Improvement of efficient and adaptable speech via pre-formed generative audioencors and vocoders

by Brenden Burgess

When you buy through links on our site, we may earn a commission at no extra cost to you. However, this does not influence our evaluations.

The recent progress in improving speech (SE) has passed beyond traditional methods of predicting mask or signal, turning rather towards pre-formed audio models for richer and more transferable features. These models, such as WAVLM, extract significant audio incorporations that improve SE performance. Some approaches use these interests to predict masks or combine with spectral data for better precision. Others explore generative techniques, using neural vocoders to rebuild clean speech directly from noisy incorporations. Although effective, these methods often involve the freezing of pre-formed models or require a thorough fine adjustment, which limits adaptability and increases calculation costs, rendering the transfer to other more difficult tasks.

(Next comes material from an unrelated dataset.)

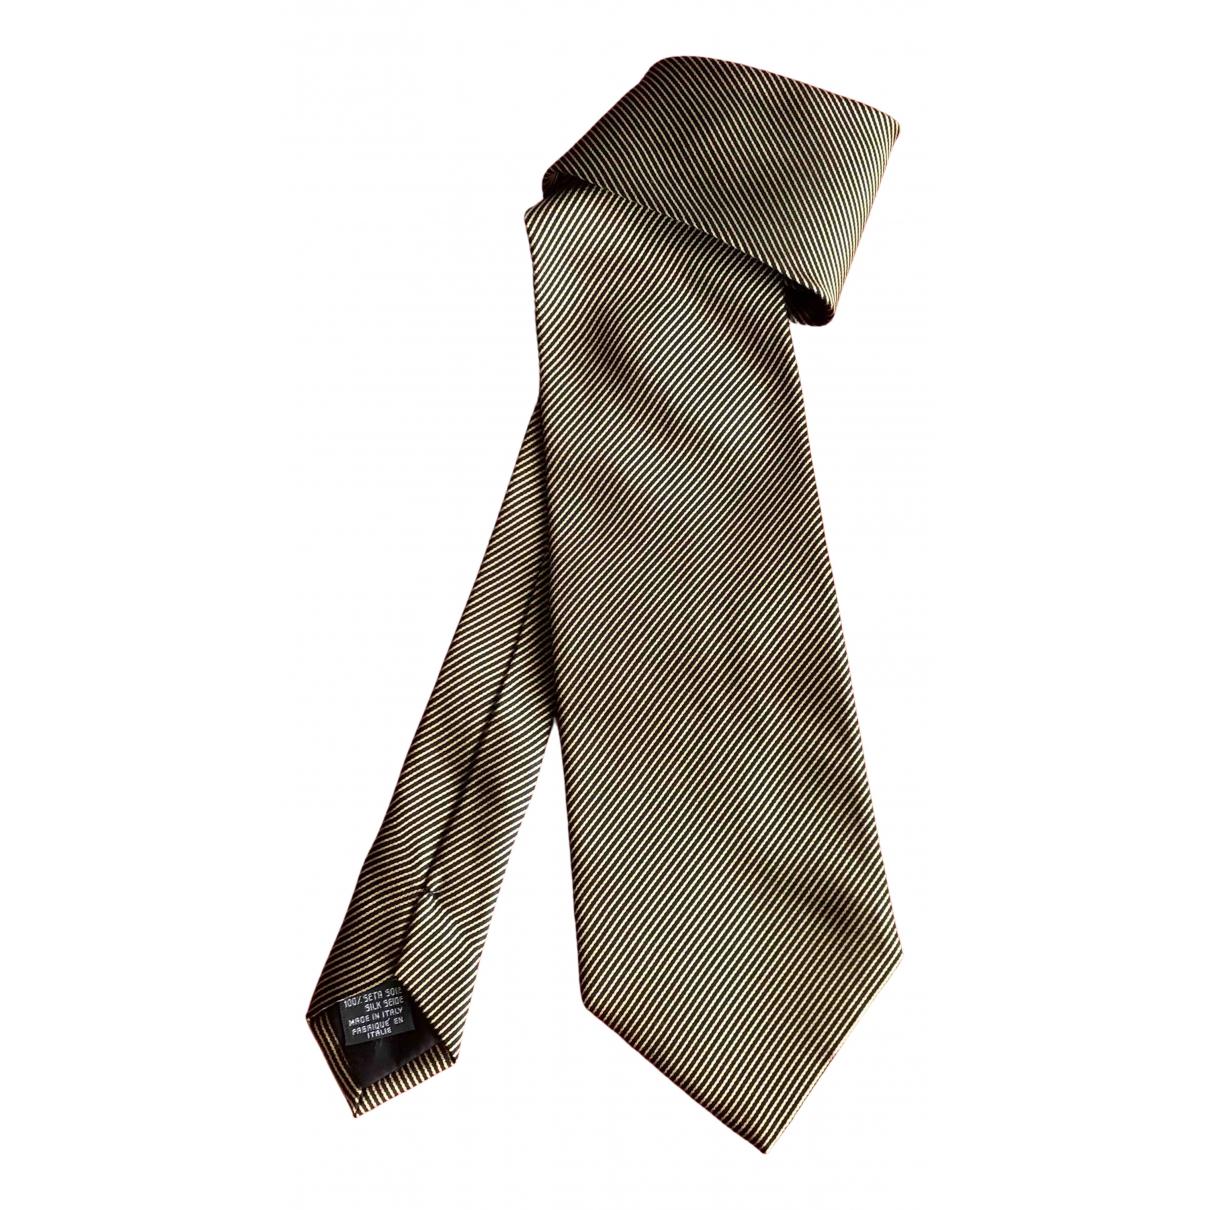 Giorgio Armani N Gold Silk Ties for Men N
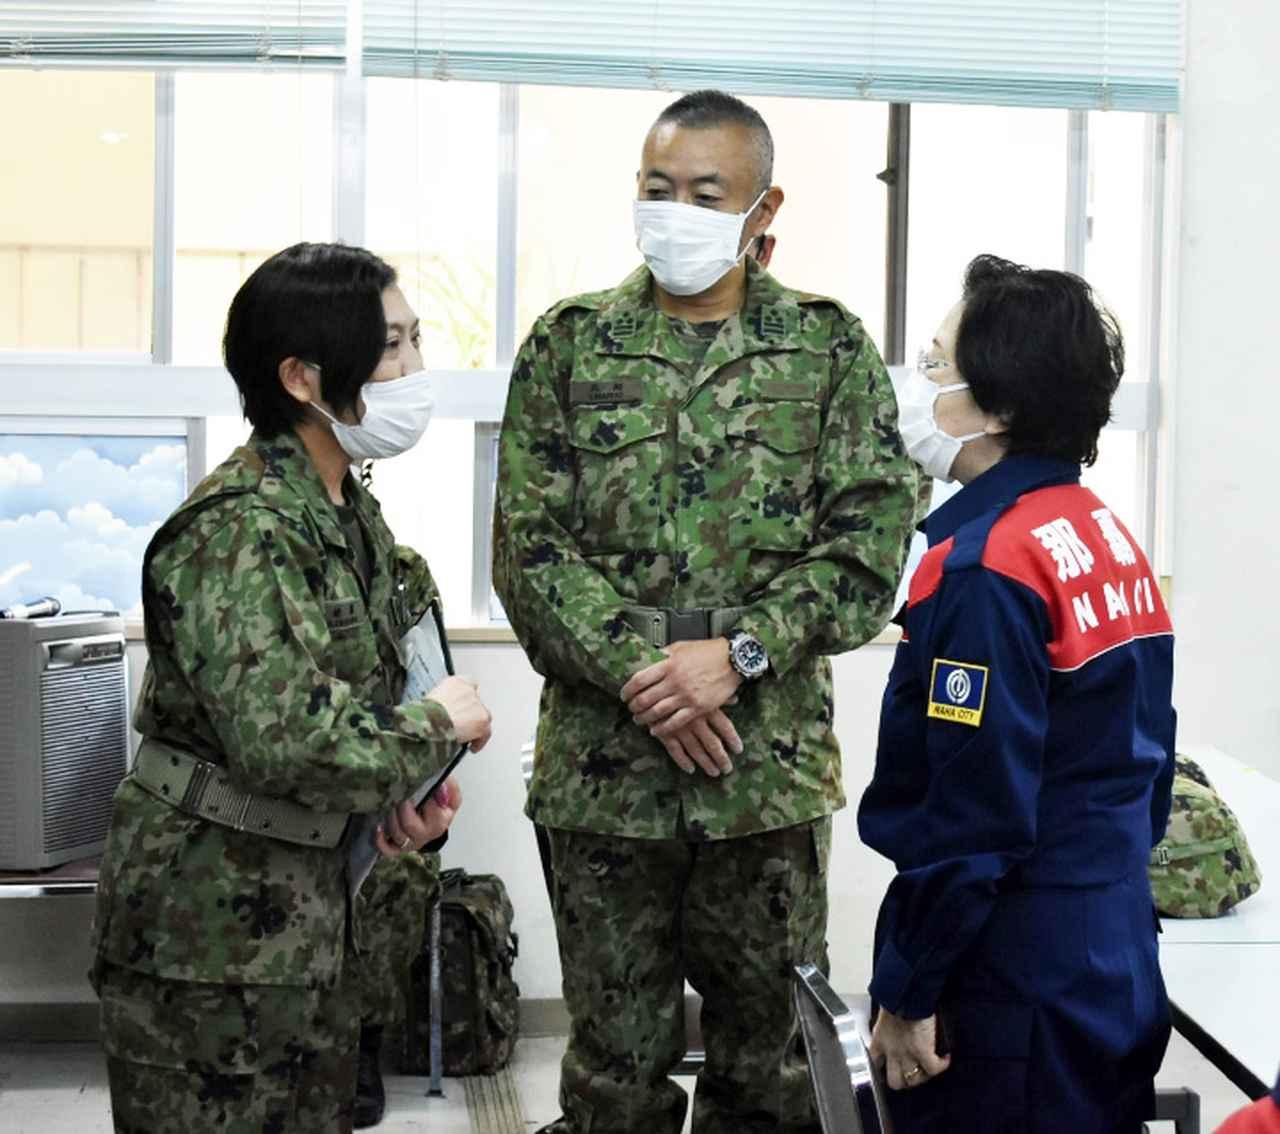 画像: 3月28日、不発弾処理対策本部で那覇市長と(左から本人、15旅団幕僚長、那覇市長)

MILM PLUS researchers, Xiaomi Inc., have a light and flexible method that uses pre-formed models. First, audio incorporations are extracted from noisy speech using a frozen audioencoder. These are then cleaned by a small fabric flagship and transmitted to a vocoder to generate a clean word. Unlike models specific to the task, the audioecoder and the vocoder are pre-formed separately, which makes the system adaptable to tasks such as derever or separation. Experiences have shown that generative models surpass those discriminating in terms of the quality of speech and loyalty of speakers. Despite its simplicity, the system is very effective and even exceeds a model leader in listening tests.

1500X500

The proposed speech improvement system is divided into three main components. First, a noisy speech went through a pre-formulated audioencoder, which generates noisy audio incorporations. A Denoise encoder then refines these integers to produce cleaner versions, which are ultimately converted to speech by a vocoder. Although the encoder and the Denoise vocoder are formed separately, they both count on the same frozen and pre-formulated audioencoder. During training, the Denoise encoder minimizes the difference between noisy and clean incorporations, which are both generated in parallel from paired speech samples, using an average square loss of error. This coder is built using an architecture lives with standard activation and standardization layers.

For the vocoder, the training is done in a self-supervised manner using clean speech data. The vocoder learns to reconstruct the wavelems of speech from audio incorporations by predicting the Fourier spectral coefficients, which are converted into audio by the opposite transformation of Fourier in the short term. It adopts a slightly modified version of the Vocos framework, tailor -made to accommodate various audioencoders. A generative configuration of an opponent network (GAN) is used, where the generator is based on Pronnese, and discriminators include both multi-periodes and multi-resolution types. The training also incorporates opponent, reconstruction and operating losses. Above all, throughout the process, audioencoder remains unchanged, using weights from models accessible to the public.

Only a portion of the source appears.